В последней квартире коридора тоже живут две семьи. Мужа в одной семье Анечка помнит по авиационному заводу пареньком-комсомольцем; теперь он в летах, коммунист, работает всё там же по профсоюзной линии. Жена – дородная, администратор гостиницы, коммунистка. Дочь окончила вуз, педагог, комсомолка. Спокойная русская семья. Маленькую комнату занимают реабилитированные заключённые: седовласый инженер Миша и бывшая опереточная певица Софья Владимировна. Лагерь переломил им хребет, и после реабилитации они не смогли стать на ноги: инженер Миша целые дни ходит по дому с мокрым зловонным мешком через плечо, роется в помойных ведрах и мусорном ящике, а Софья Владимировна, пробежавшись по магазинам с самодельным лагерным костылём под мышкой, одетой и с костылём укладывается в грязную постель и валяется в ней целый день. Помоечник и симулянтка – две типичные лагерные фигуры, они живо напоминают нам минувшие годы, но бедным соседям не до сентиментальных рассуждений: куча зловонных объедков на кухонной газовой плите отравляет существование педантичной даме-администра-тору – готовить для себя и семьи вкусную еду среди грязи, заразы и зловония поистине невозможно.
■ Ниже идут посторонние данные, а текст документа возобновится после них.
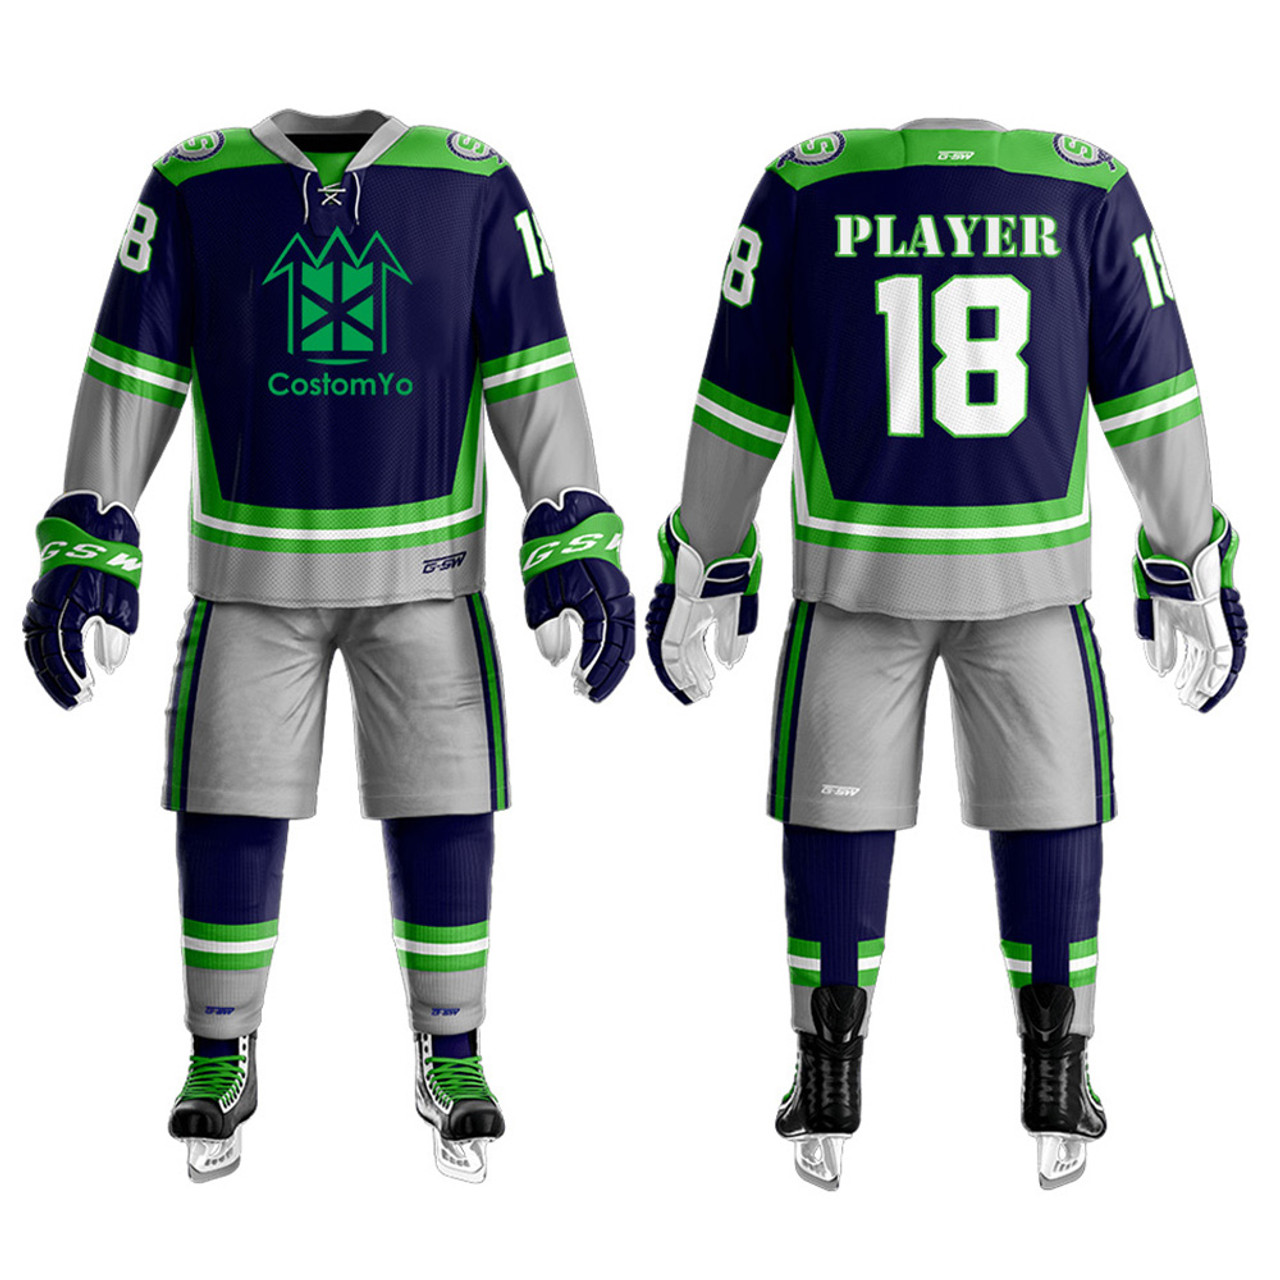 Full Custom Ice Hockey Uniform (Jersey + Pant + Socks) - For Men

Вот и все о нашем коридоре. Картина ясна. Почему мои соседи татары, Марья Васильевна и Катя живут в великолепном доме, построенном для преподавателей МГУ? Их место в лагерях или деревнях, откуда они сбежали.
Почему десять лет нельзя найти управу на проститутку и содержательницу дома свиданий? Из гуманности? А это гуманно, что дочь Толи и маленький Димочка растут среди такой нравственной грязи?!
Если это гуманность, то только хрущёвская!
Не могу не сказать несколько слов о влиянии такой жизни на окружающих.
Я помню Анечку в лагерях. Там было много скверного. И все мы поэтому возмущались, и Анечка, с её прямым и живым характером, – не менее других.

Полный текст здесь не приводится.